L-cysteine blended with dairy whey has been around for a very long time and has been extensively used in both the pizza and baking industries to help reduce dough mixing time and provide a softer, more extensible dough structure.
Glutathione (an amino acid present in yeast) is a relative newcomer, but it functions in essentially the same manner as L-cysteine. The only difference is that glutathione, sold as “dead yeast”, might have a marketing advantage. Since it’s yeast (just dead) where required, we can label it right along with our regular (active/live) yeast.
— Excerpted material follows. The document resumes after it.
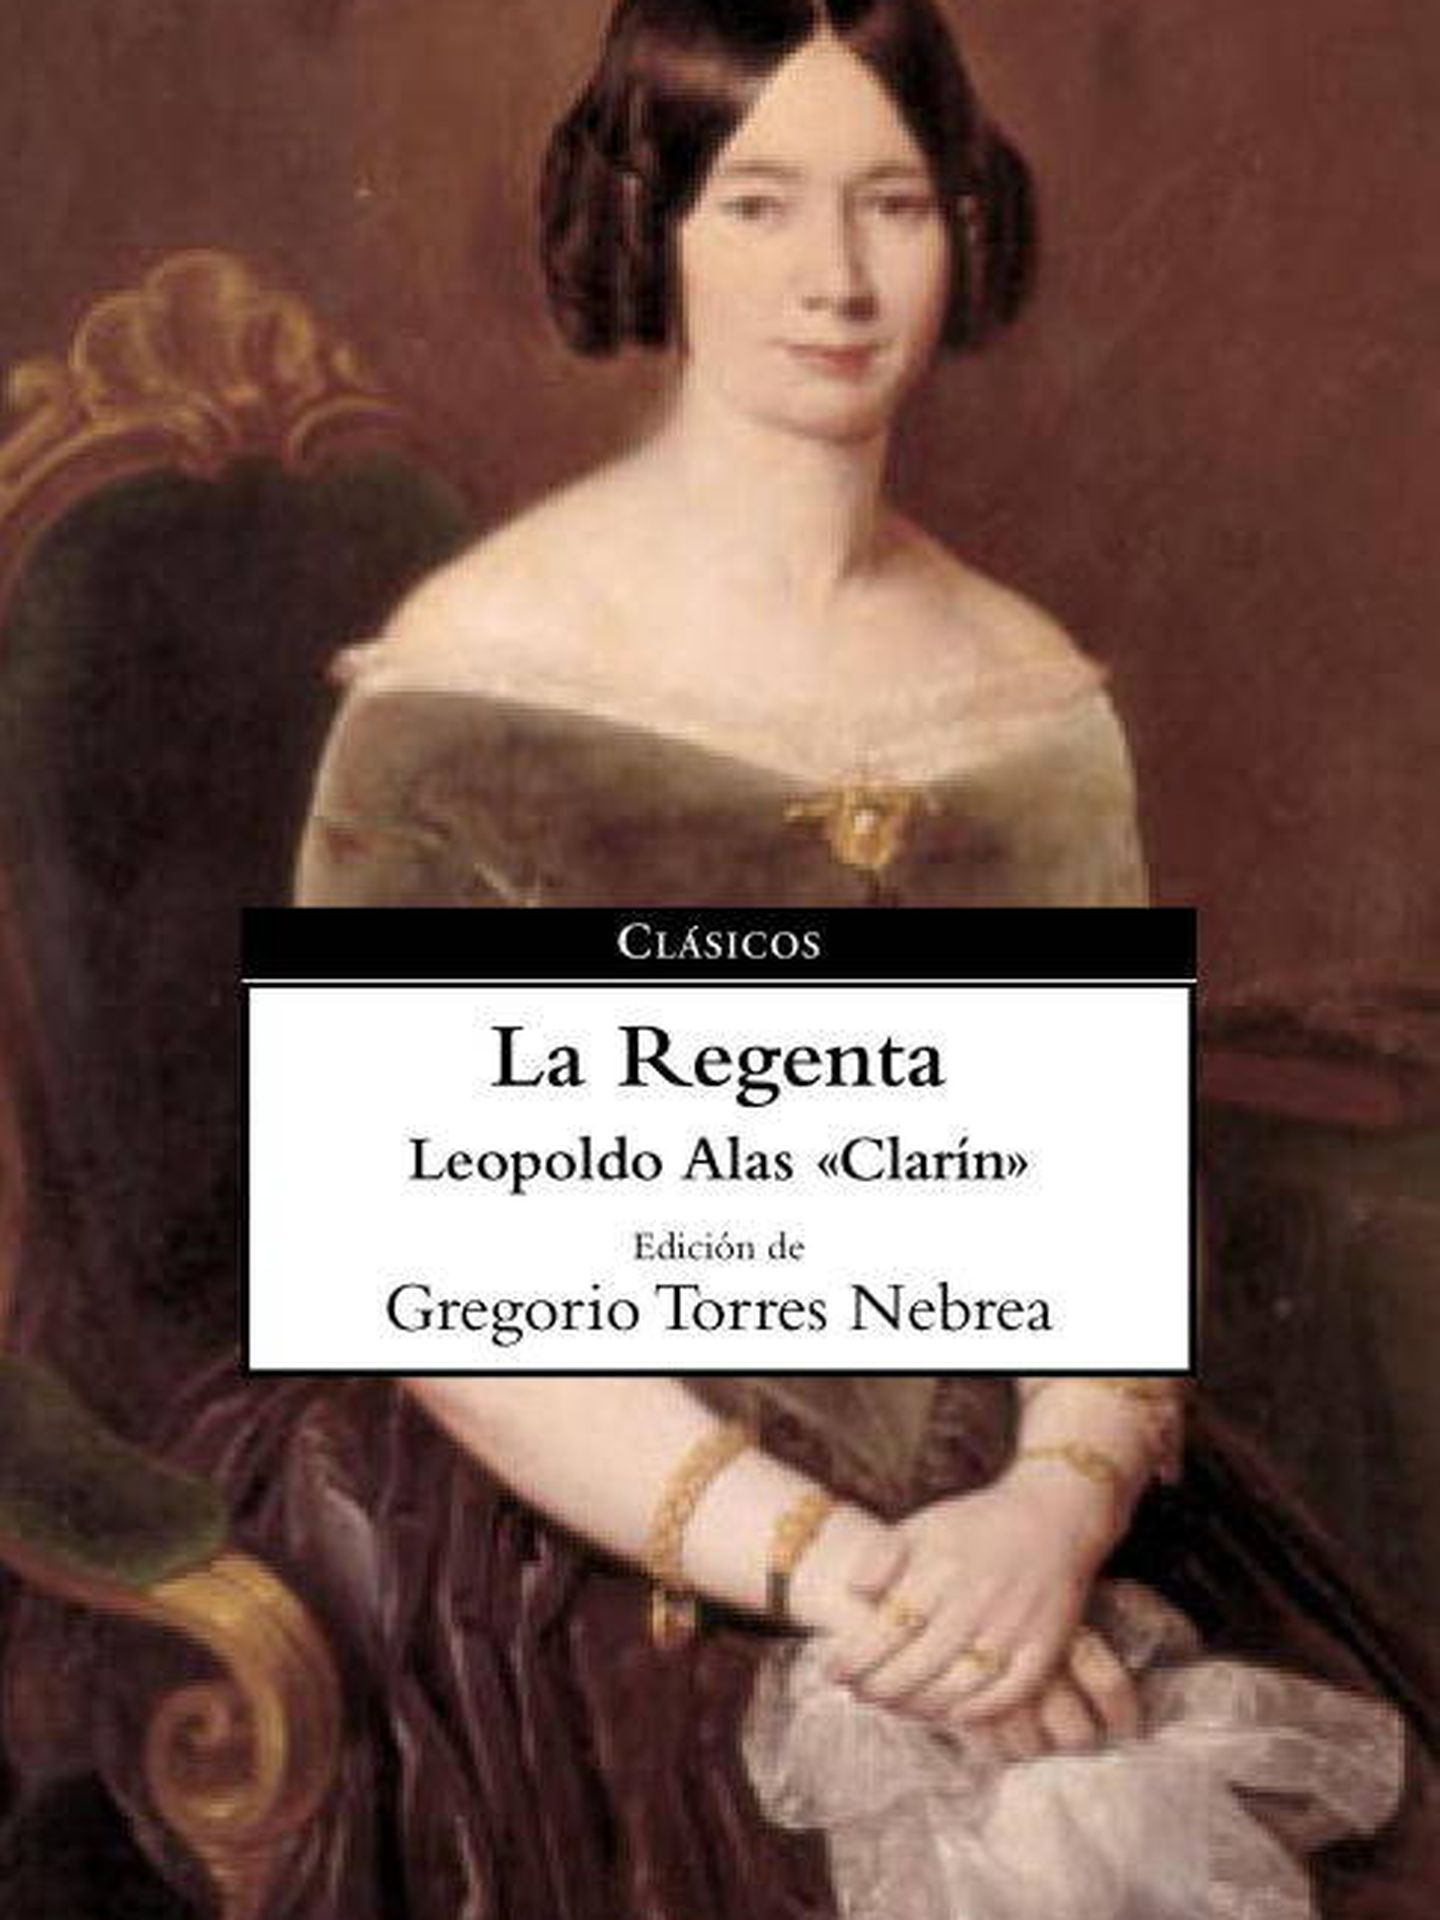 'La Regenta'.
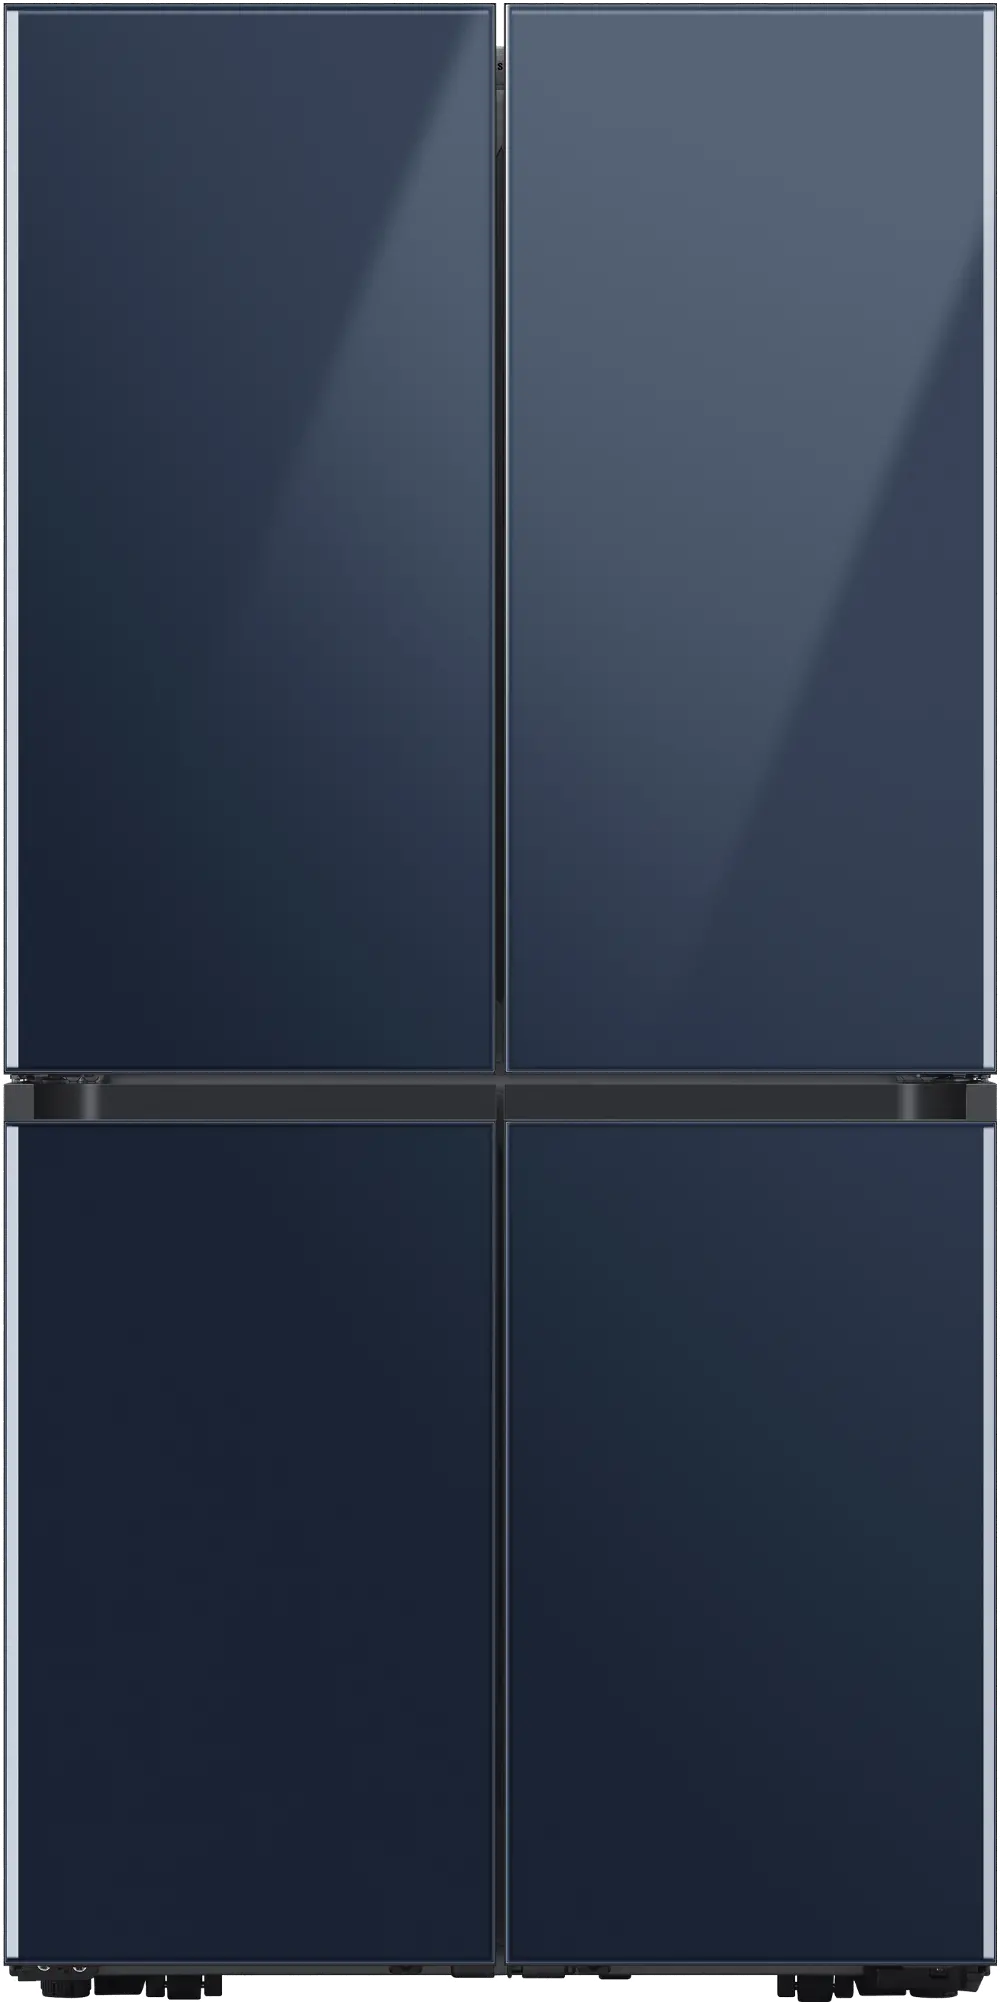 RF23A967541 Samsung Bespoke 22.8 cu ft Smart 4 Door Flex Refrigerator - Counter Depth Navy Blue-1

Then there is dehydrated vegetable powder. This is an interesting product as it reacts with the flour proteins in a slightly different manner than L-cysteine or glutathione. With either of these an overdose can completely liquefy the dough. But with the deodorized vegetable powder-based reducing agents you can only achieve a limited mixing time reduction (about 25 percent), and an overdose will not liquefy the dough. Like glutathione, its strength lies in the fact that where labeling of the pizza is required it shows up only as vegetable powder. If you have ever tried to add garlic or onion (in any form) to your dough you have most likely experienced the softening effect first hand if the single or combined amount exceeded 0.15 percent of the total flour weight in the dough.
Lastly there are the protease enzyme-based reducing agents. They are enzymes that attack and break down the gluten-forming proteins in the flour. In doing so, they are indeed very effective reducing agents — and at the same time they can be somewhat difficult to manage as they are prone to working faster at higher temperatures. This can be problematic if you are in the habit of saving scrap dough for later use (unless it is kept refrigerated at all times, otherwise you may find that your scrap dough bin is slowly turning into a doughy slime). Additionally, dough that had been overly softened by use of L-cysteine or glutathione can sometimes be salvaged by returning it to the mixer and mixing it until once again sufficiently extensible for immediate use. But since the protease enzymes completely destroy the gluten forming proteins there is nothing that can be done to salvage an overly softened dough when enzyme based dough softeners are used. On the other hand, where labeling is required, these dough softeners are typically labeled as a dough processing aid. Since they are completely destroyed by the baking process, they may not require labeling.
Why are dough reducing agents used? They are used to help reduce the mixing time for commercially made frozen pizza doughs. They also have some limited use in making very short time pizza doughs where the dough reducing agents will both reduce the dough mixing time and provide the dough extensibility normally resulting from long/longer fermentation times. Possibly the most common use of reducing agents in the pizza industry is in the production of pizza crusts that are formed by one of the pressing methods. In this application it is common to use one of the reducing agents as a means to reduce dough snap-back at the pizza press, thus helping the dough to retain its pressed size and shape.
Tom Lehmann is a former director at the American Institute of Baking in Manhattan, Kansas and Pizza Today’s resident dough expert.